Once both parties have provided their genetic material, one viable embryo will be created and implanted in Magdalene Mercant’s womb within a medically suitable time period. Given the current success rates of implantation, failure is unlikely, but should that occur, two more attempts will be made.
Should all three fail, this genetic match will be deemed unsuitable, and all remaining genetic material destroyed. The fertilization and conception contract will then be voided on a no-fault basis except for Binh Fernandez’s financial obligations as follows.
Financial Agreement: As this is a dual fertilization/conception agreement, neither party will pay the other a fee. Magdalene Mercant will carry each child to term. In recompense for that physical risk and task, Binh Fernandez will pay any and all associated medical expenses. This includes pre- and post-natal care, as well as the costs involved in egg extraction and implantation attempts. Failure of implantation will not discharge Binh Fernandez from such financial obligations.
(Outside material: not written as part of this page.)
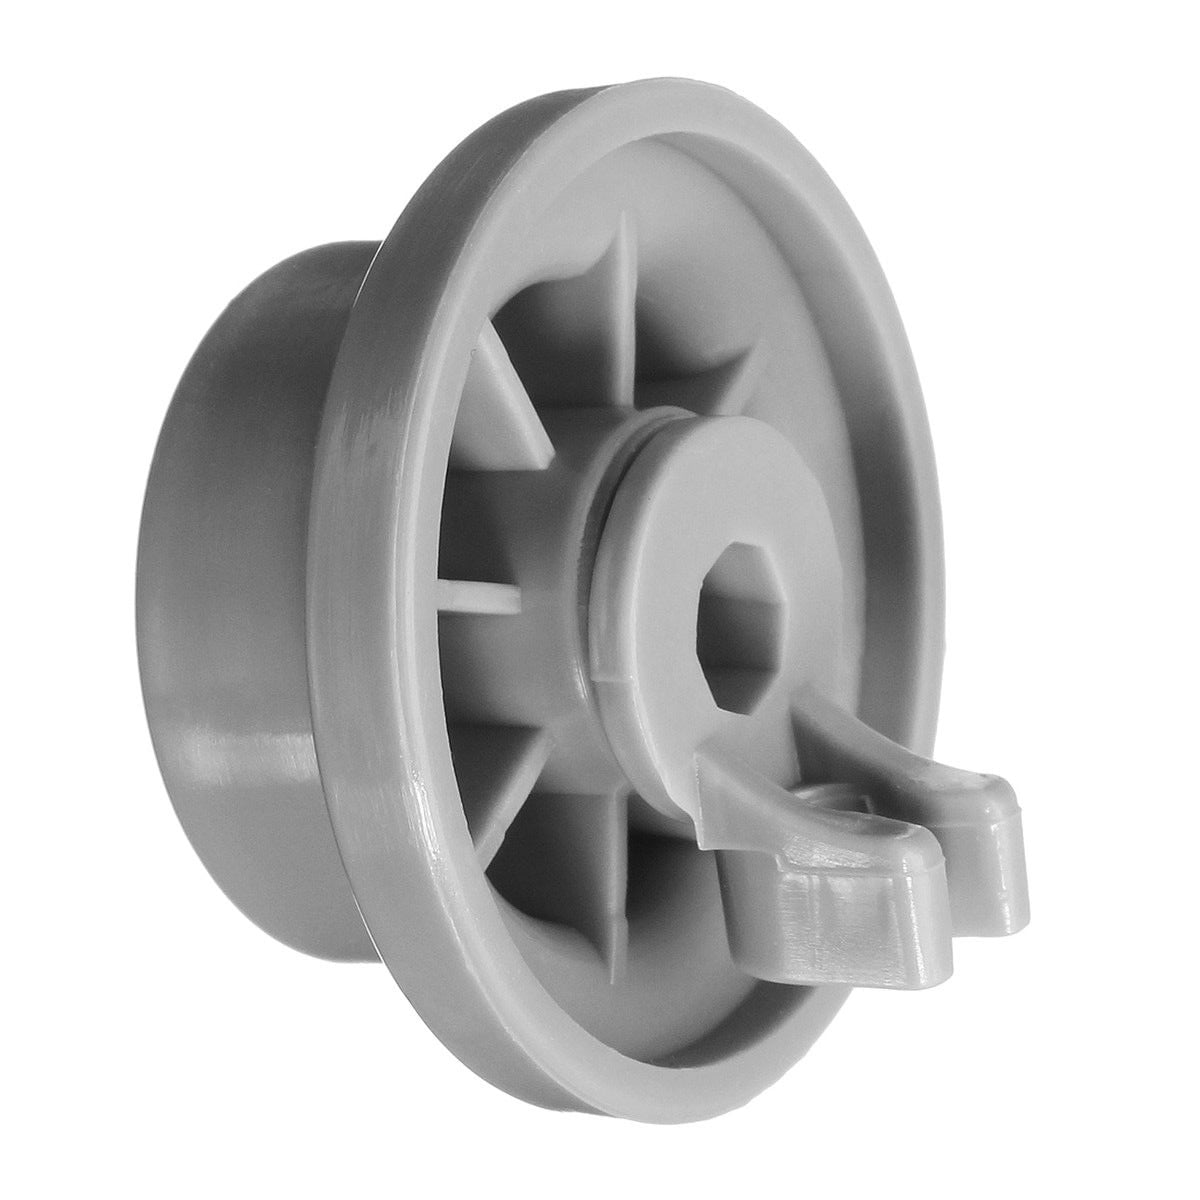 for Bosch Neff & Siemens Dishwasher Lower Rail Basket Wheels x 4 Grey Rollers

Issue: Binh Fernandez will have full custodial and parental rights to the first child carried successfully to term. Magdalene Mercant will have full custodial and parental rights to the second child carried successfully to term.
Dissolution: The proposed contract will end:
after the birth of the second child, at which point, Binh Fernandez will no longer have any financial obligations to Magdalene Mercant excepting any post-natal care prescribed by her physician up to six months post-birth; or
after the failure to achieve a second pregnancy after three attempts*; or
after the birth of the first child, if that first child displays physical or mental abnormalities—or if the child is stillborn. At that point, the genetic match will be deemed deficient, and both parties will be absolved of any further obligation under the contract excepting any post-natal care prescribed by Magdalene Mercant’s physician up to six months post-birth. Should the child be born alive, it will become part of Binh Fernandez’s family.